# Burlington Bees Baseball team



## D Coates (Jan 6, 2006)

http://s196.photobucket.com/albums/aa190/Drew454/Burlington Bees/

While at "Royals Fanfest" this weekend with my son I ran across one of the Royals farm teams. They are apparently out of Burlington, Iowa. I quickly shot a couple of photos and sent them to my wife as a great Birthday gift idea (jersey) for her wonderful husband .


----------



## Oldbee (Sep 25, 2006)

Nice photos. Does your son play on the team? Are they playing baseball already in MO.?? Not here!! Three more months.  Those little league days go by fast.

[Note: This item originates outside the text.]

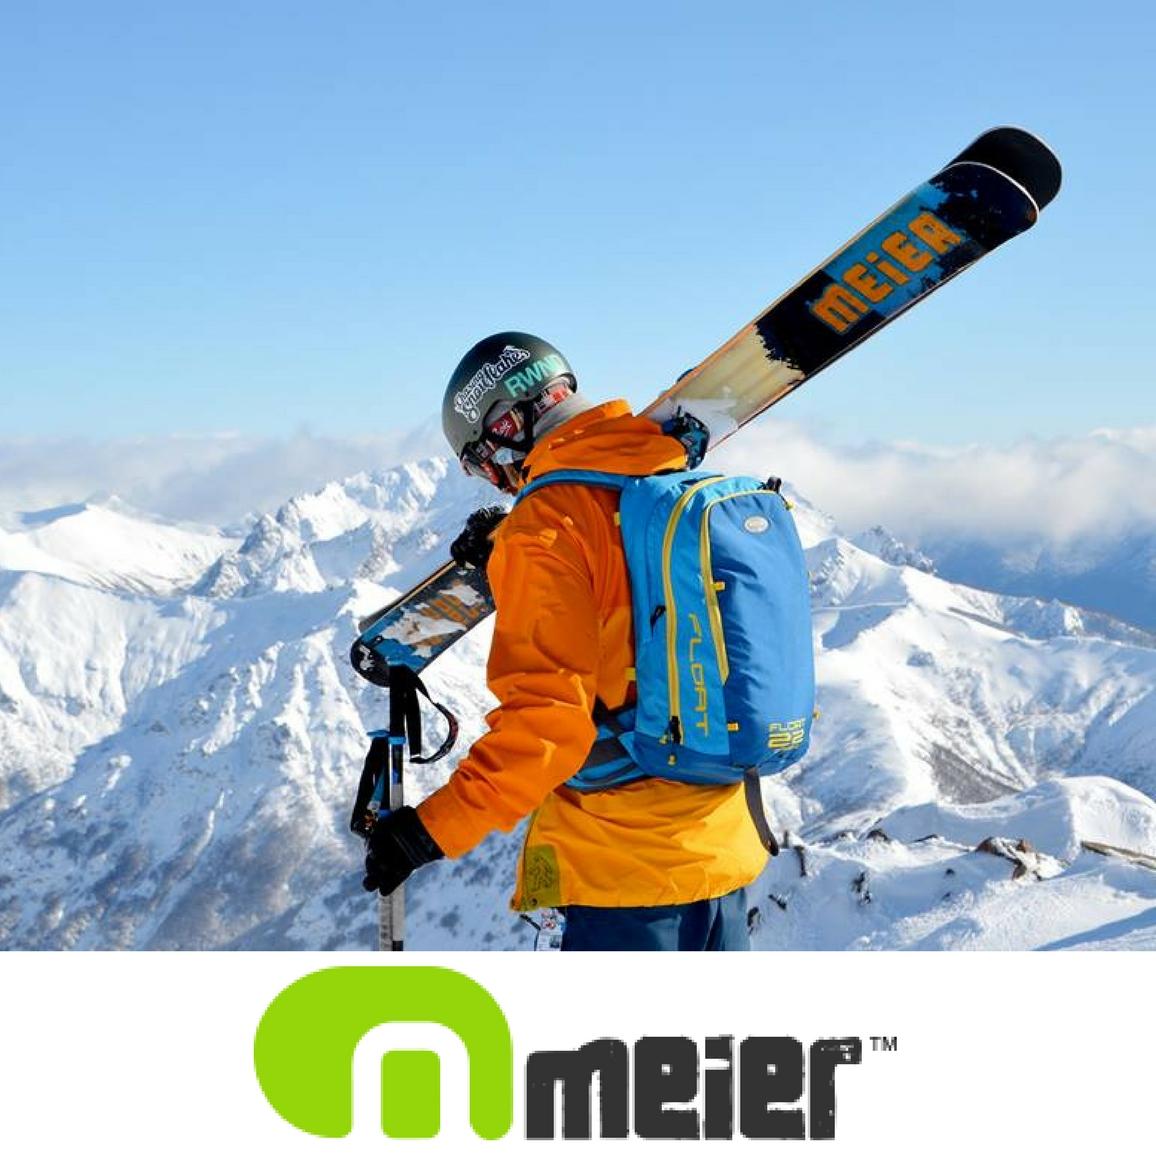 Meier Skis & Snowboard Brand image.jpg

I had to type in Burlington Bees in the PhB. search. Do you want to insert the exact link-- while you still can? .


----------



## D Coates (Jan 6, 2006)

Woops... Nope, he's a huge sports fan and the company I work for has season tickets to the KC Royals. "Fanfest" is to get fans excited about the upcoming year. Bad team but a great stadium. I do help coach him in little league. It's a city league and he's 10. Ironically, one of the kids on his team is Ryan Howard's (Phillies) son. I didn't know this until he showed up and sign autographs at one of the games. He was really nice and had ice cream with all the boys. I was a little embarassed in that I'm not particularly baseball inclined and here I am coaching a serious Major League players son.


----------